VindInstaller

VindInstaller est classé dans la catégorie des logiciels publicitaires et des offres groupées au paiement par installation. L'objectif est de fournir des PPI (programmes potentiellement indésirables) au système Mac de l'utilisateur sans attirer l'attention. Diverses techniques de marketing trompeuses sont utilisées pour y parvenir, telles que le processus d'installation du PUP déjà présélectionné et caché dans l'installation d'un produit freeware populaire. En conséquence, une ou plusieurs applications inaperçues peuvent être installées sur l'ordinateur sans même que l'utilisateur s'en rende compte. Une autre tactique courante consiste à faire semblant de fournir une nouvelle version ou une mise à jour pour le lecteur Adobe Flash, quelle que soit la fonctionnalité initialement annoncée de l'application téléchargée par l'utilisateur. En règle générale, les PPI ne représentent pas une menace directe pour le système, mais ils conduisent à une expérience utilisateur gravement diminuée. La plupart des PPI sont soit des logiciels publicitaires, soit des pirates de navigateur qui fournissent du matériel publicitaire indésirable et douteux dans le but de générer des gains monétaires pour le développeur de l'application.
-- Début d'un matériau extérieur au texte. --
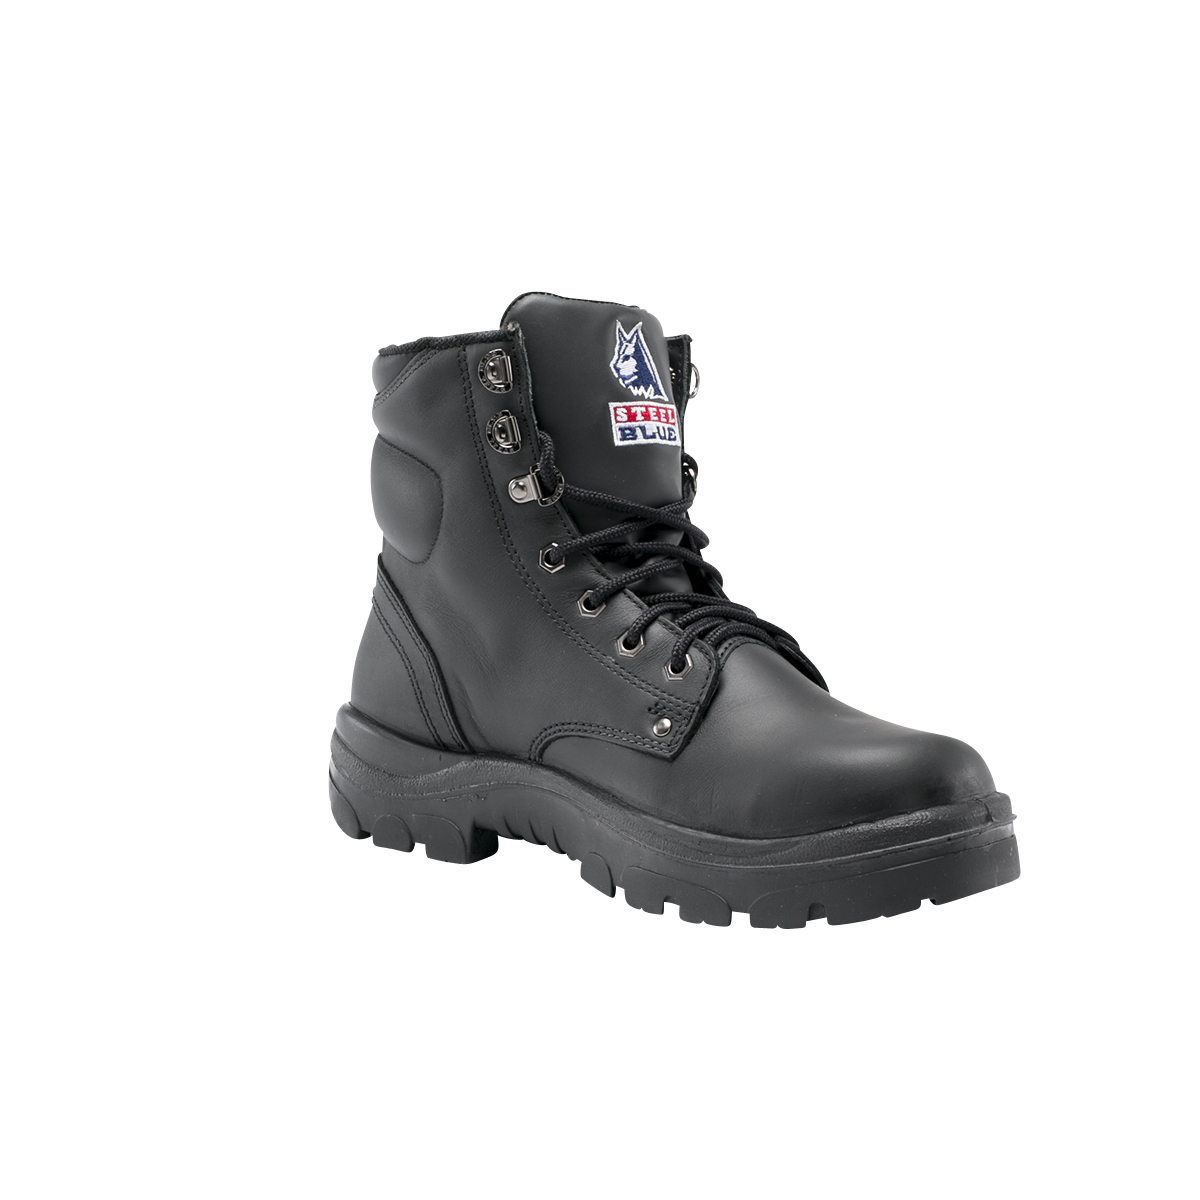 SAFETY BOOT ARGYLE NITRILE S10 -ANKLE LACE UP BLACK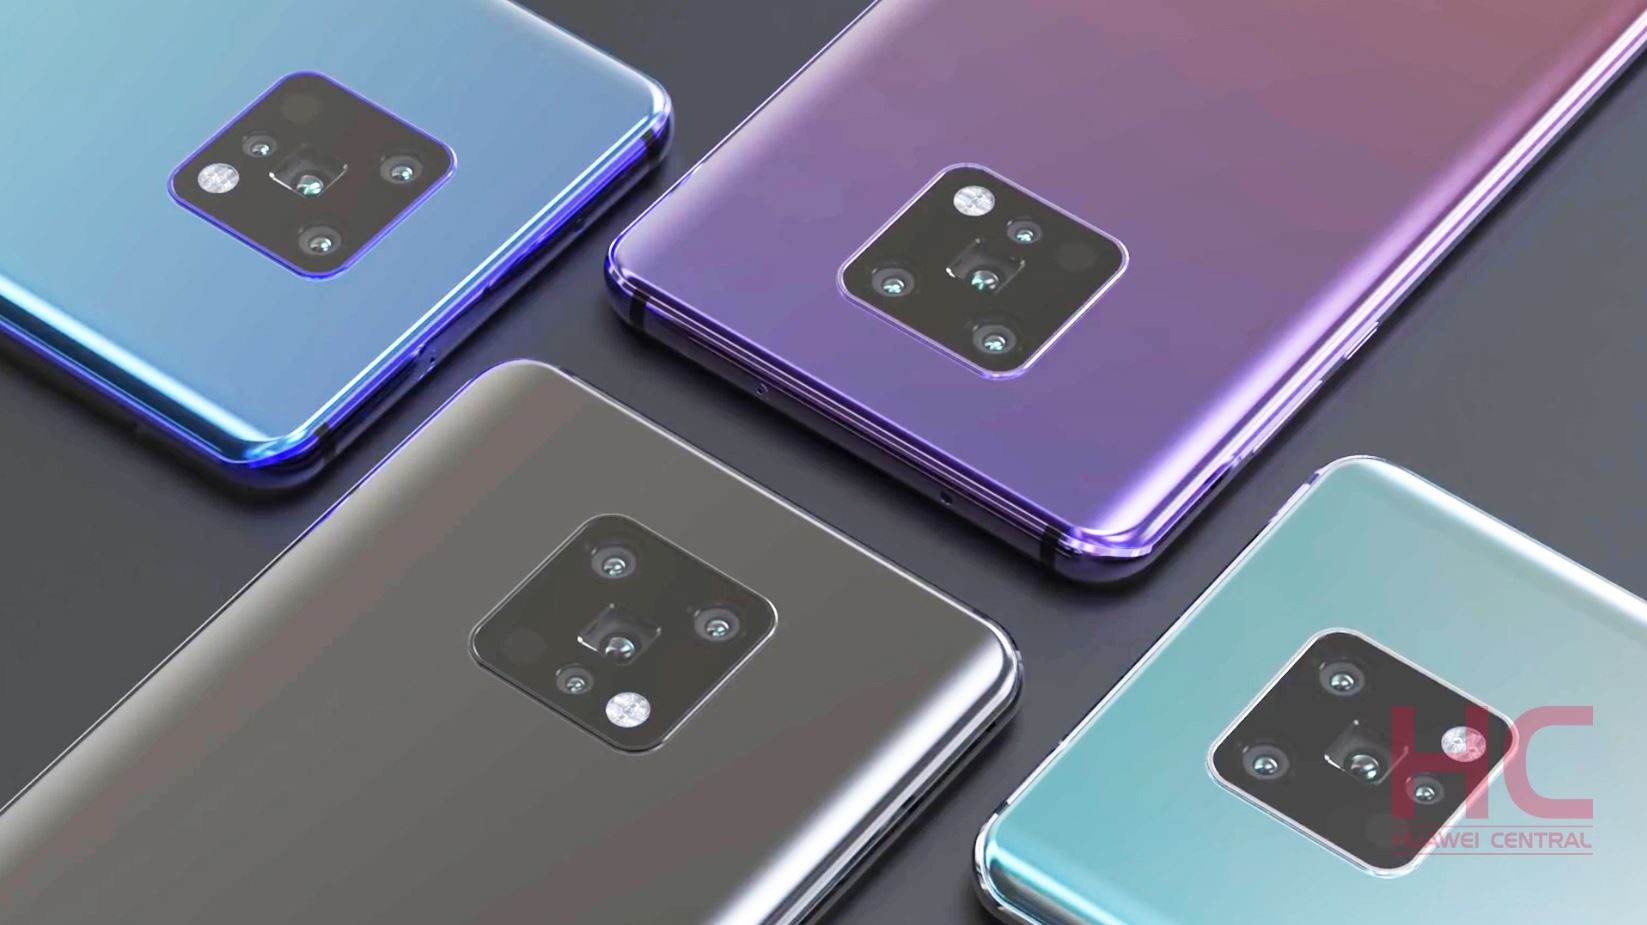 Alleged renders of the Huawei Mate 30 Pro leaks today﻿

VindInstaller est toujours en évolution

VindInstaller n'est pas un tout nouveau malware créé pour affliger les utilisateurs de macOS. En fait, il existe depuis près d'une décennie, les premiers échantillons ayant été détectés en 2013. Au cours de cette période, cependant, VindInstaller a évolué et a incorporé de nouvelles techniques pour devenir plus efficace et moins susceptible d'être détecté par les logiciels de sécurité. Jusqu'à présent, trois variantes distinctes ont été établies.

Le premier s'appelle VindInstaller.A et représente la forme la plus élémentaire du malware. Il s'agit principalement d'un pirate de navigateur ciblant Chrome, Firefox et Safari, ainsi que d'un programme d'installation de bundle Genieo. Étant la première incarnation, VindInstaller.A ne contient aucune routine d'obscurcissement ni aucune technique anti-analyse.

La variante suivante, VindInstaller.B montre la portée élargie des objectifs des cybercriminels. Il est équipé de capacités de collecte de données qui collectent des détails sur la version du système d'exploitation de la victime. Pour livrer les produits PUP sur l'ordinateur affecté, VindInstaller.B contacte une URL spécifique. Bien que cette variante manque également d'obfuscation, son mécanisme de livraison de script shell est conçu pour éviter la détection par les produits basés sur les signatures et certains moteurs de bac à sable.

La dernière variante observée est VindInstaller.Gen. Il utilise à nouveau une adaptation des scripts shell d'abord remarqués dans le malware Shlayer et Bundlore pour éviter d'être attrapé par les produits anti-malware hérités et les logiciels de sécurité basés sur les signatures. Cependant, VindInstaller.Gen utilise la classe NSAppleScript, ce qui lui permet de bénéficier des fonctionnalités AppleScript sans avoir à passer par l'utilitaire osascript. En utilisant l'étendue de l'implémentation de NSAppleScript, deux versions de VindInstaller.Gen peuvent être reconnues - «mdm.macLauncher» et «osxdl.Downloader». Sur les deux, 'osxdl.Downloader' s'appuie davantage sur lui grâce à l'utilisation de la classe DandIThread.